Beta Feature
This feature is in beta. Please reach out to your Customer Success Manager or Sales if you’re interested in participating or if you have any feedback.
This integration is Destination only, meaning you can send data out of Heap but not send data into Heap.
Overview
Heap’s Databricks integration allows you to sync Heap data to Databricks to leverage Heap behavioral data in other tools.
Prerequisites
To connect this integration, you’ll need the following permissions:
- Admin or Architect privileges in Heap
- Access to an AWS-hosted Databricks account that uses the Unity Catalog
Setup
To get started, navigate to Integrations > Directory, search for Databricks, then select it where it appears.

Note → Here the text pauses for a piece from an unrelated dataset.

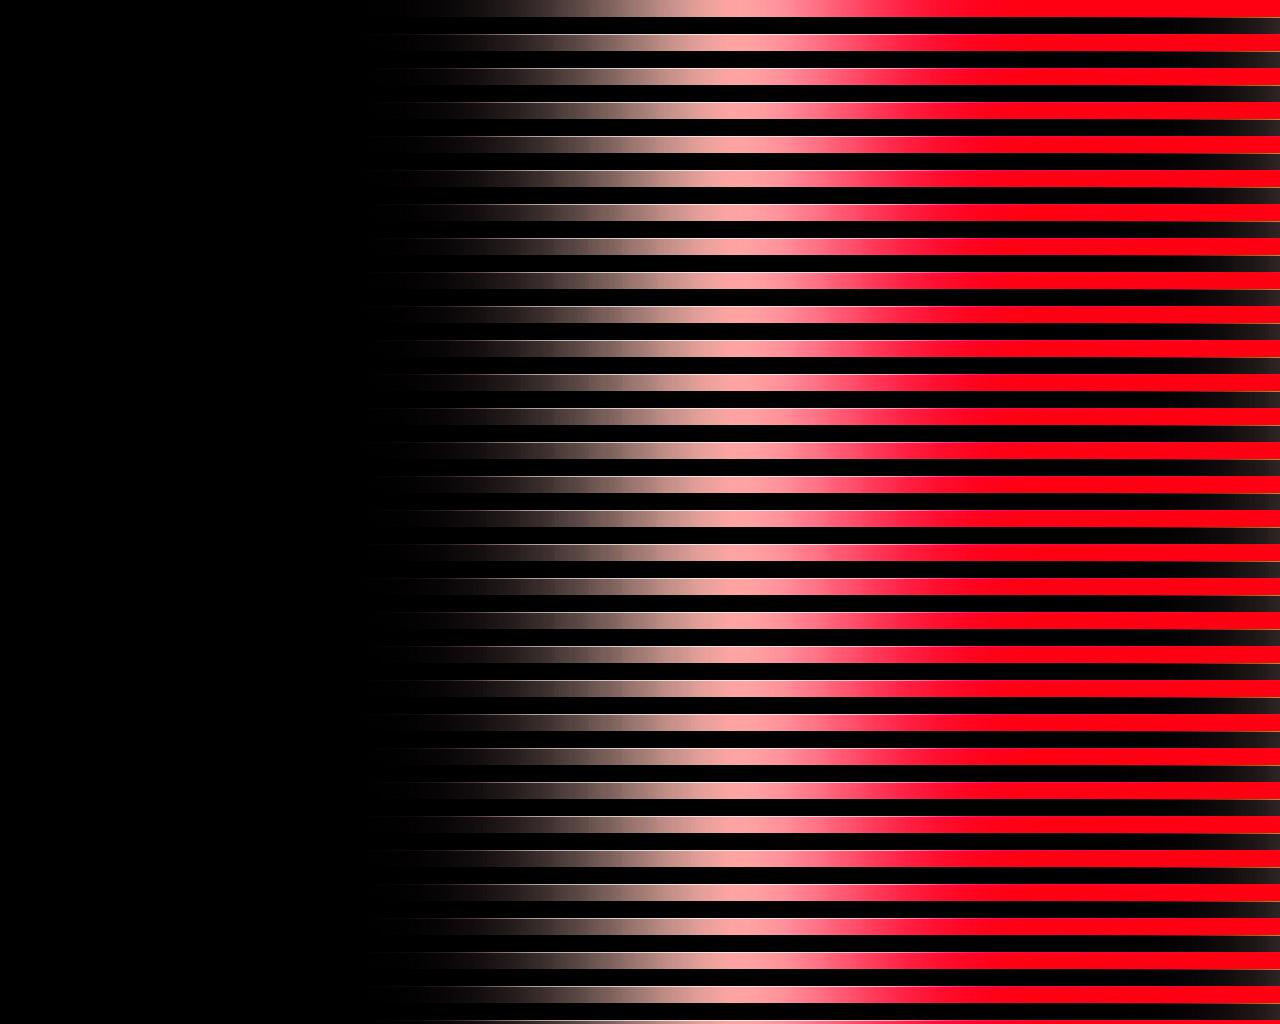 Wallpaper Stripes Design : Sh yn design stripe pattern wallpaper red to pink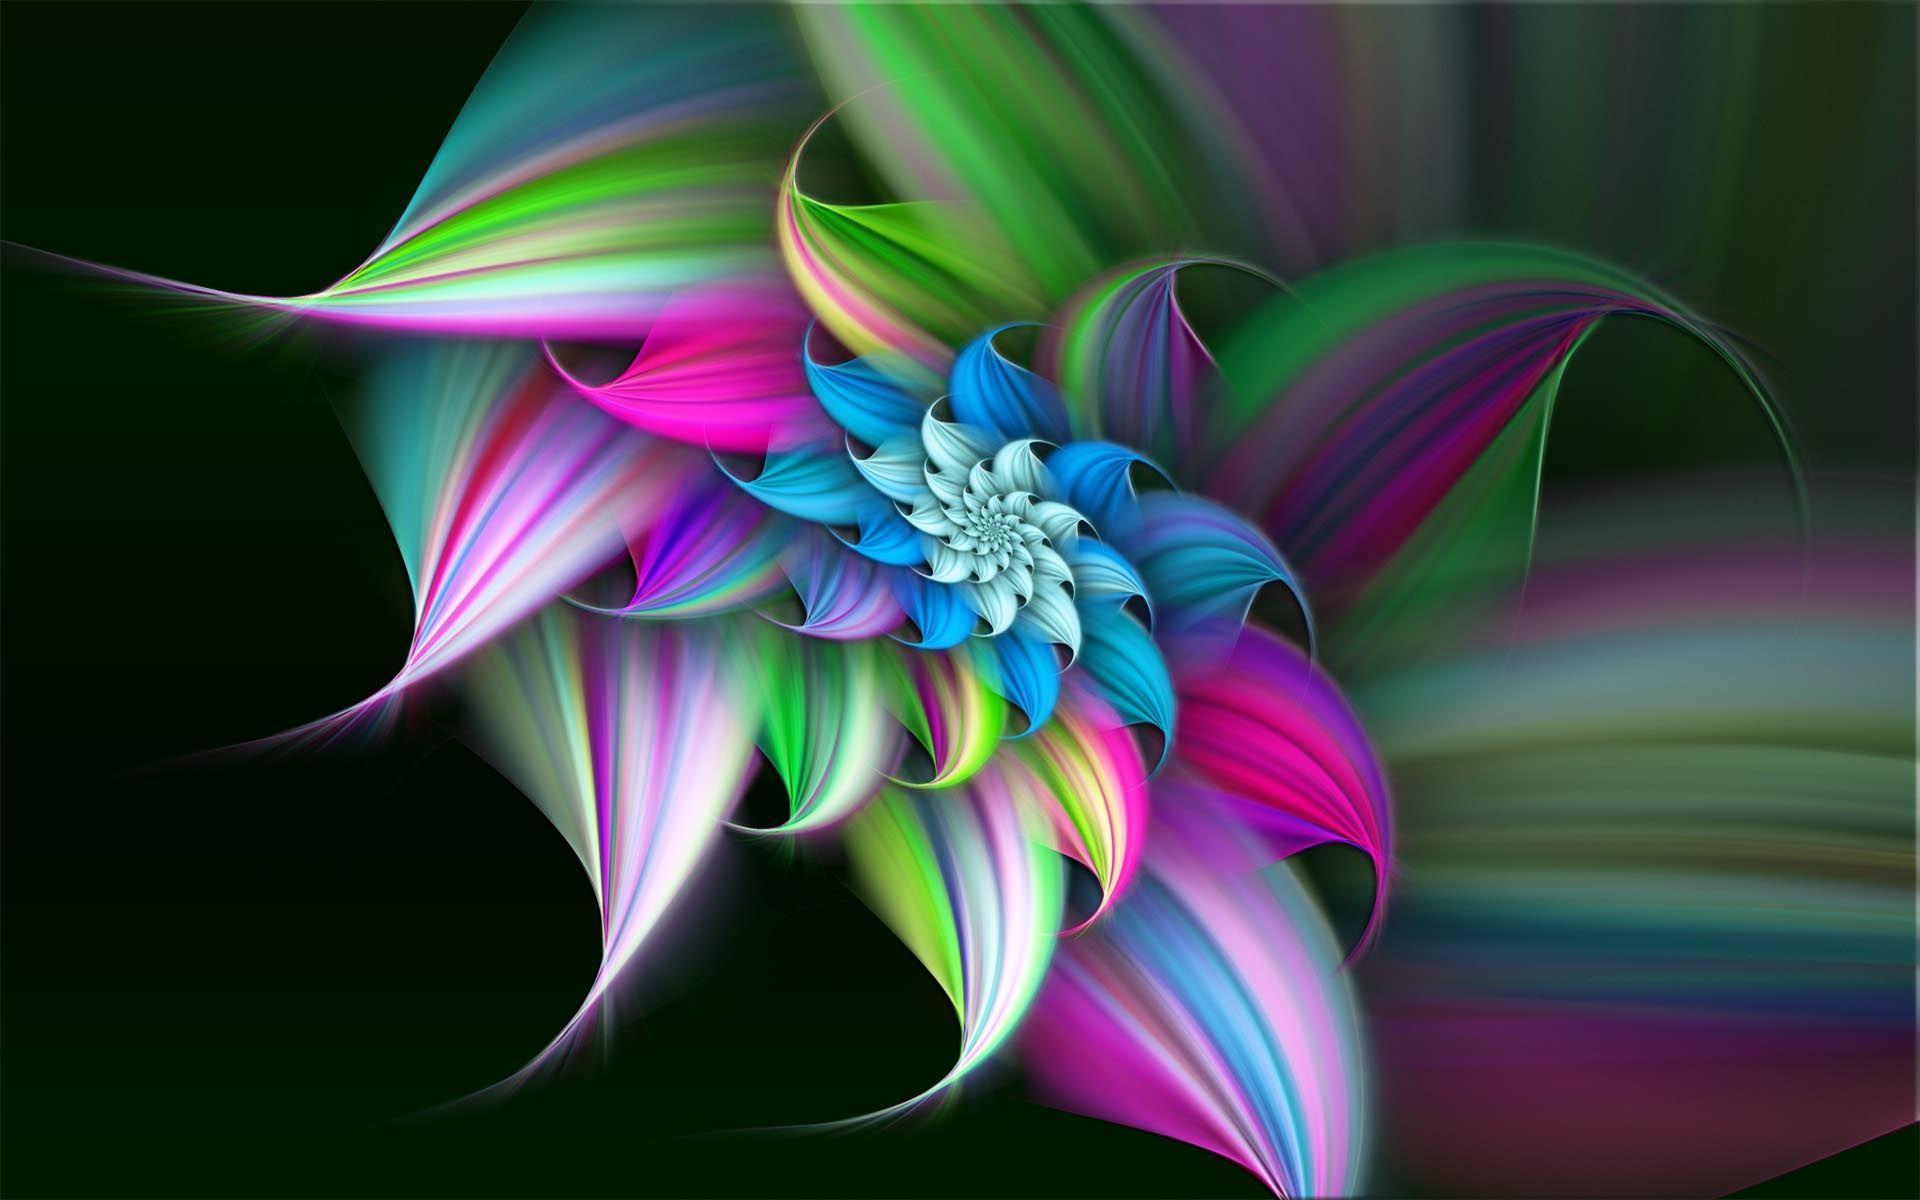 Summer Flower Art Desktop Background In High Quality Resolutions

You’ll be prompted to provide the following information:
- Hostname: The ID of your databricks account, which you can find in the account URL.
- Path: The path of the warehouse you are connecting via this integration.
- Catalog: The catalog that this Heap data should sync to; if left blank, this integration will create a new catalog.
- Schema (optional): The schema that this Heap data should sync to; if left blank, this integration will create a new schema.
- Token: This is required to allow Heap to write to the schema. The token must be a Personal Access Token (PAT) rather than an OAuth Token.
Once all those fields are populated, click the Connect button.
That’s it! Once setup is complete, you’ll see a sync within 48 hours with the following built-in tables.
- Pageviews
- Sessions
- Users
- user_migrations
You can can create an all_events
view to Databricks by setting up a query like this one:
SELECT
event_id,
time,
user_id,
session_id,
'test_event_table' AS event_table_name
FROM "TEST_DB"."TEST_SCHEMA"."TEST_EVENT_TABLE"
UNION
SELECT
event_id,
time,
user_id,
session_id,
'click_event_table' AS event_table_name
FROM "SCHEMA"."CLICK_EVENT_TABLE"
UNION
SELECT
event_id,
time,
user_id,
session_id,
'pageview_event_table' AS event_table_name
FROM "SCHEMA"."PAGEVIEW_EVENT_TABLE"
Limitations
Please note the following limitations for this integration:
- The All Events table is not synced to Databricks. As a workaround, you can create your own all_events.
- Defined properties syncing is not supported during beta.
- Segments syncing is not supported during beta.